Four decisions that in practice determine whether the skill stays in use over time.

Auto-assign. The idea of having the skill assign the ticket to „whoever touched the code last” is tempting. In practice it gets messy - git blame doesn’t always point at the right author, and a mistaken assignment outside working hours generates more damage than benefit. Assignment belongs in triage, performed by a human.

Auto-transition of status. The skill only creates tickets. It doesn’t move them to „In Progress”, doesn’t close them, doesn’t clone them between projects. A fresh ticket sits in „To Do” until a person picks it up.

Screenshot-only tickets. A screenshot without steps isn’t a report. Reproduction steps are a required field - if I didn’t supply them, the skill asks. If they still aren’t provided, nothing reaches createIssue.

A single skill across all projects. The variant where the Jira project is picked heuristically from description phrases („checkout” → CHK, „auth” → AUTH) tends to be unreliable - one mistake in a dozen means a ticket filed in a project nobody watches. Keeping the project in the skill’s trigger and running per-project variants works better.

A quality gate before the ticket ships

Right before createIssue, the skill walks a short checklist. It’s not code - it’s a section of SKILL.md that instructs the model: „if any of the following isn’t satisfied, return to the user with a list of gaps and do not create the ticket”.
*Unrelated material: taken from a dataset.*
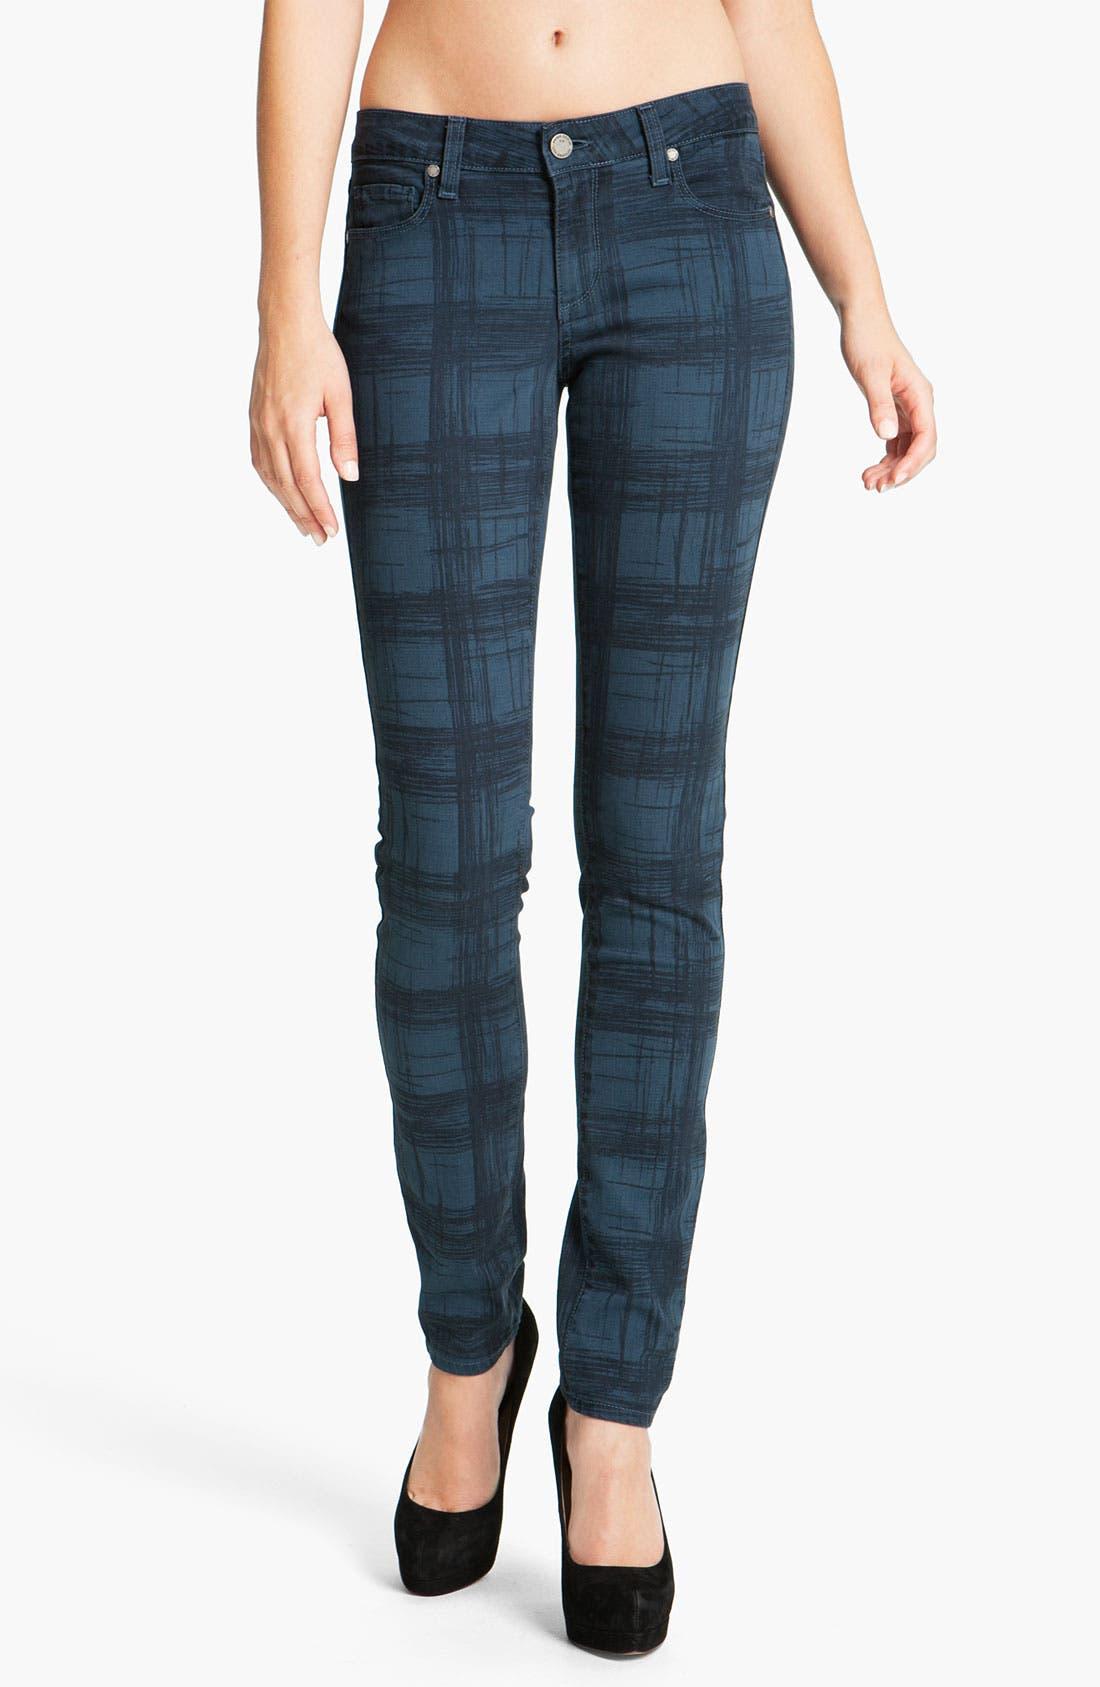 Alternate Image 1 Selected - Paige Denim 'Verdugo' Skinny Jeans (Preppy)

Summary must start with the component in square brackets. Steps must be numbered and no more than seven items long. Expected and actual must actually differ - it sounds trivial, but with a terse problem description those fields end up nearly identical surprisingly often. Environment must contain build, URL and browser. At least one attachment must be present, and for UI - screenshot and console log. Priority must be set. Labels must include the component and the layer.

In the first weeks after introducing this checklist, the skill sends drafts back regularly and asks for missing pieces. Over time those situations fade, because the information starts coming in up front, at the problem-description stage. The mechanism resembles a linter: checklists of this shape don’t change people, they change what people supply on input.
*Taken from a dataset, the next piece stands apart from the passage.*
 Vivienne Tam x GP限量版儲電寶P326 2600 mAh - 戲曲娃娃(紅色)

When extensions make sense

The first version of the skill covered four actions only: search, evidence, draft, create. I add further pieces only when the same manual step starts repeating dozens of times.
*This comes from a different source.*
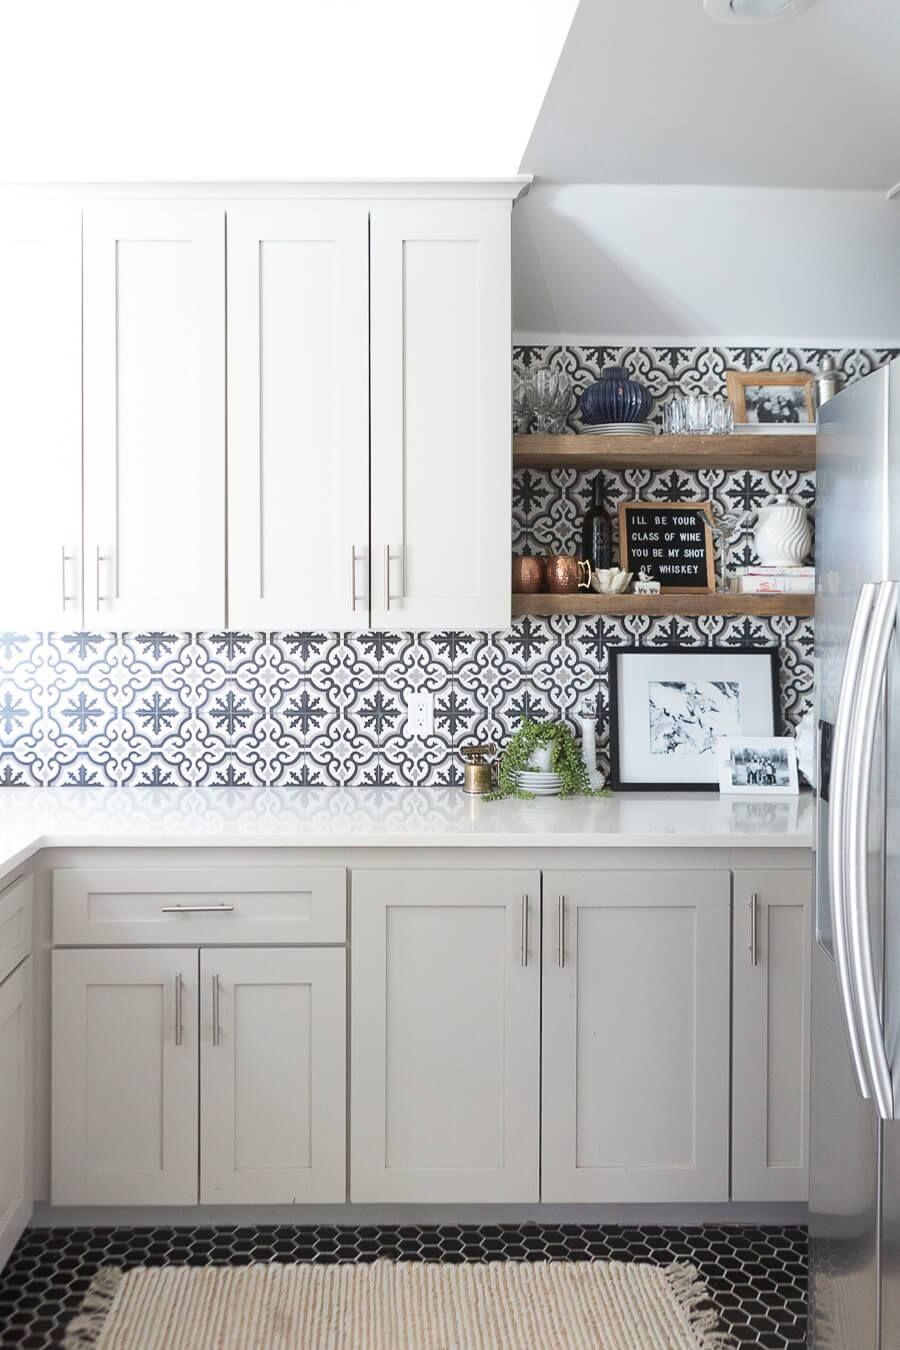 11 Kitchen Tile Backsplash Ideas for White Cabinets – That Aren't White

The first extension was a triage mode - a separate skill that on „triage BUG-1422” pulls the ticket, fetches CI logs from a ±2h window around the report time, looks at recent commits in the component named in the summary, and proposes candidates for the likely cause. This is no longer reporting, it’s diagnosis - but the shape of the work is the same: a fixed sequence of manual steps that now takes a few minutes instead of a few hours.

The second extension is a link to a pull request. With GitHub MCP connected, after creating the ticket the skill checks whether an open PR touches the component in question and offers to link it. It retires the standing stand-up question „which ticket does this PR address”.

What I didn’t add - component auto-tagging and severity inferred from description content. In both cases the error margin is too high, and a silent mistake in a priority field is hard to catch later.

Summing up

A skill for bug reporting isn’t about „letting AI file tickets for the tester”. It’s about taking the repetitive layer off their plate - dedupe, template, Jira Markup, attachments - and leaving them the part that requires human judgment: the call on whether this is a bug, how serious, and who to route it to. Atlassian MCP provides access to Jira. Playwright MCP provides evidence. The skill provides the procedure. The human provides the decision.

The biggest value I see in this approach shows up only after the first month of use. It isn’t the first automatically filed ticket. It’s the observation that Jira stops accumulating tickets without reproduction steps. Not because the team suddenly writes better. Because the skill doesn’t let those tickets through.

To see where this kind of skill fits into a broader Test Architect workflow, see 10 AI workflows that actually help. And if you don’t have a first MCP for your QA team yet - start with a search/fetch pair over evidence. That’s the cheapest, lowest-risk entry point.